Investors, unnerved by recent global events, rushed to sell off stocks and buy up bonds, driving prices up and yields down. In less than two weeks, the yield on the 10-year Treasury swung from a high of 3.11 percent on May 17 to 2.77 percent on Tuesday. It climbed back to 2.84 percent on Wednesday.
The movement of long-term bonds is one of the best indicators of where mortgage rates are headed. When yields fall, home loan rates tend to go down, as well.
Despite reversing course this week, mortgage rates have been on a steady ascent since the beginning of the year. It seems likely, given current economic conditions, that they will continue to move higher in the coming months. That will put increased pressure on a housing market already constricted by rising prices and low inventory.
Bankrate.com, which puts out a weekly mortgage rate trend index, found that the experts it surveyed were almost evenly split on where rates are headed — about a third expect them to rise, about a third predict they will fall, and the other third say they will remain relatively stable in the coming week. Jim Sahnger, mortgage planner at Schaffer Mortgage, is one who anticipates rates will increase.
“Political and economic uncertainty stemming from turmoil in Europe and Italy prompted a safe haven run into bonds; mortgage rates were a beneficiary,” Sahnger said. “Time will tell if and when the Italy situation repeats the uncertainty seen from Greece a few years ago. More pressing, domestically, is the employment report due this Friday. I don’t expect anything hot to roil the markets, so we’ll likely stay range-bound to slightly higher for rates over the next week.”

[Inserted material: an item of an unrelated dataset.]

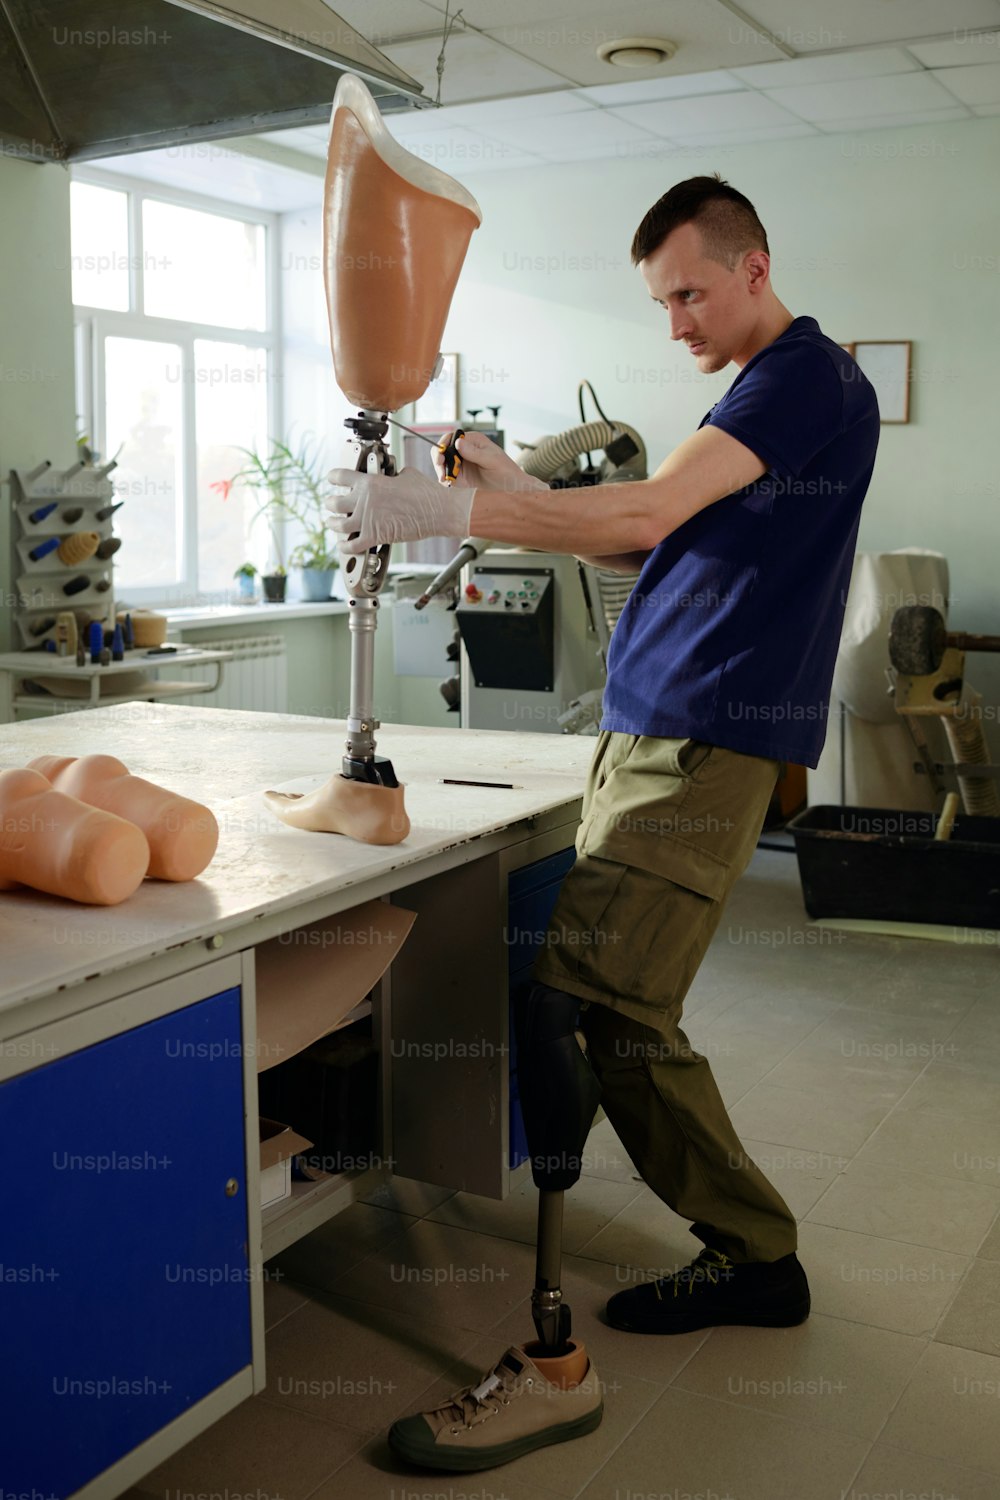 Manual worker with disability standing by table while assembling leg prosthesis and putting parts of mechanism together

Meanwhile, mortgage applications declined again last week, according to the latest data from the Mortgage Bankers Association. The market composite index — a measure of total loan application volume – decreased 2.9 percent from a week earlier. It was the sixth week in a row the index has fallen. The refinance index fell 5 percent to its lowest level since December 2000. The purchase index dropped 3 percent.
The refinance share of mortgage activity accounted for 35.3 percent of all applications, its lowest level since August 2008.